**Assignment:** Give all of the data again exactly as written, omitting every image.

**Exercise data:**
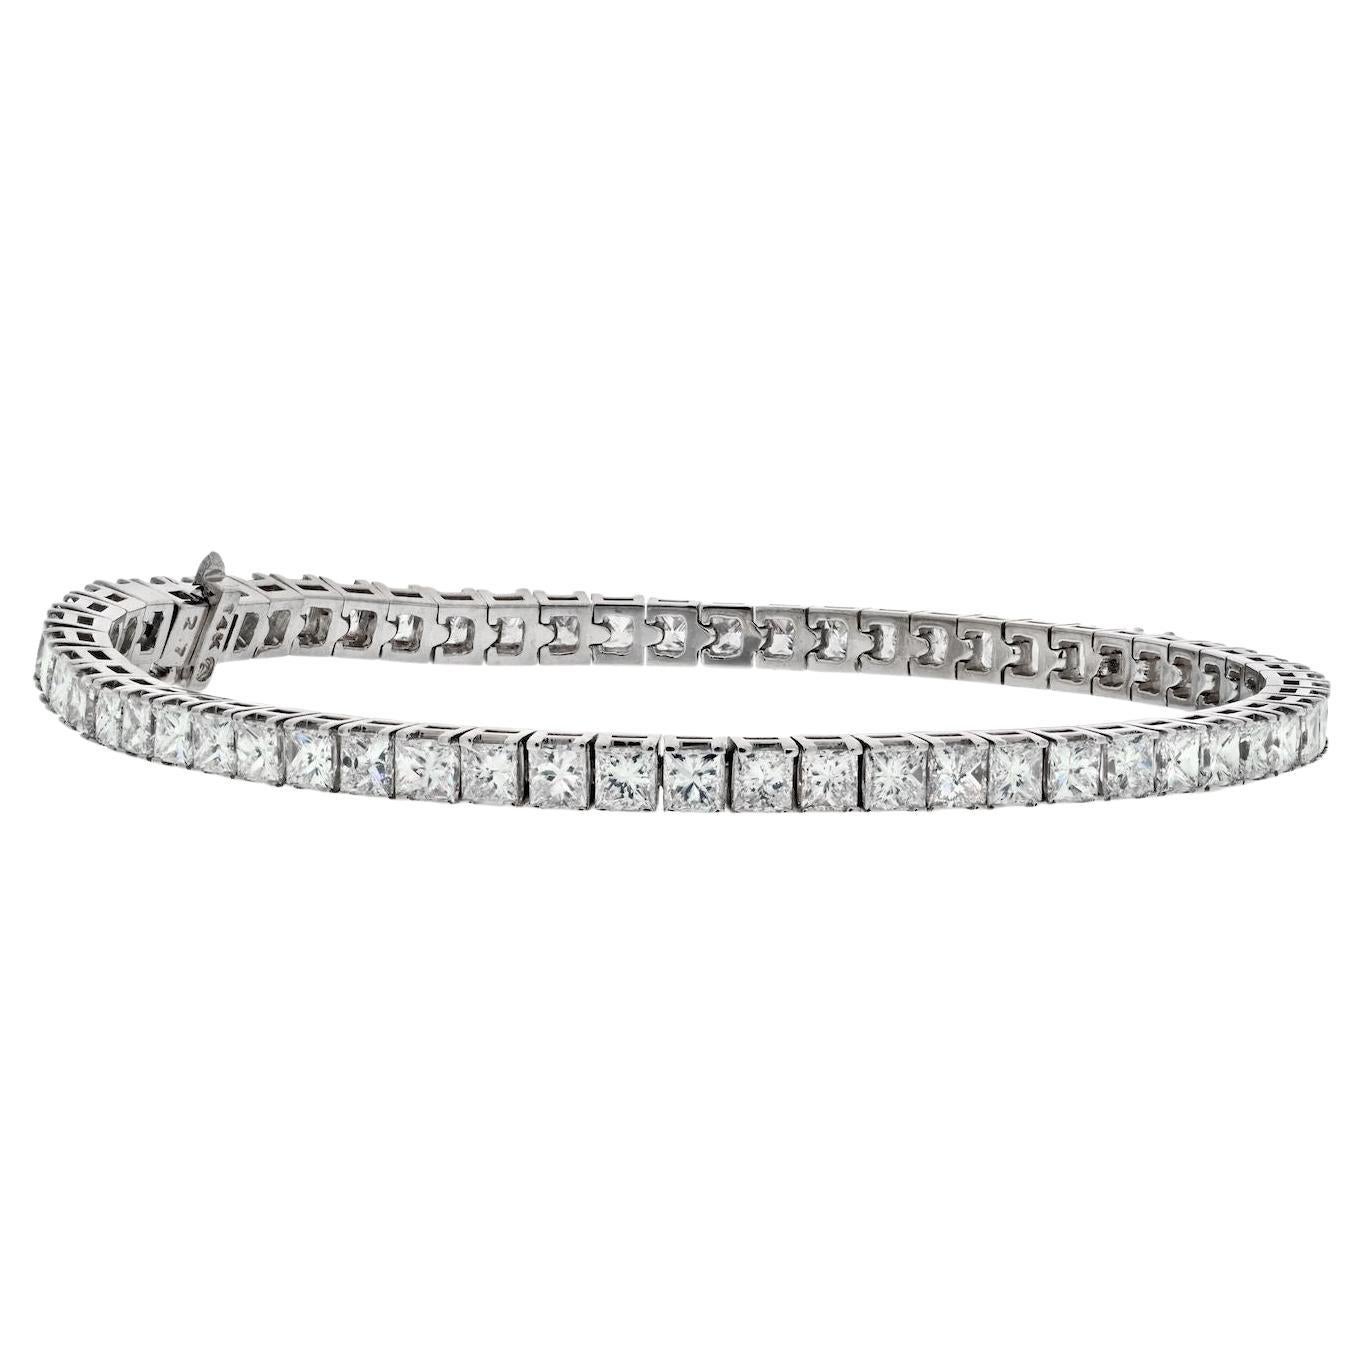 Classic diamond bracelet with princess cut diamonds mounted in 14k white gold. Embrace your wrist with this lovely sparkle of princess cut diamonds, elegant and delicate yet beautiful as a gift for your loved one. 
Length: 7 inch.
Color: F-G

**Response:**
 Classic diamond bracelet with princess cut diamonds mounted in 14k white gold. Embrace your wrist with this lovely sparkle of princess cut diamonds, elegant and delicate yet beautiful as a gift for your loved one. 
Length: 7 inch.
Color: F-G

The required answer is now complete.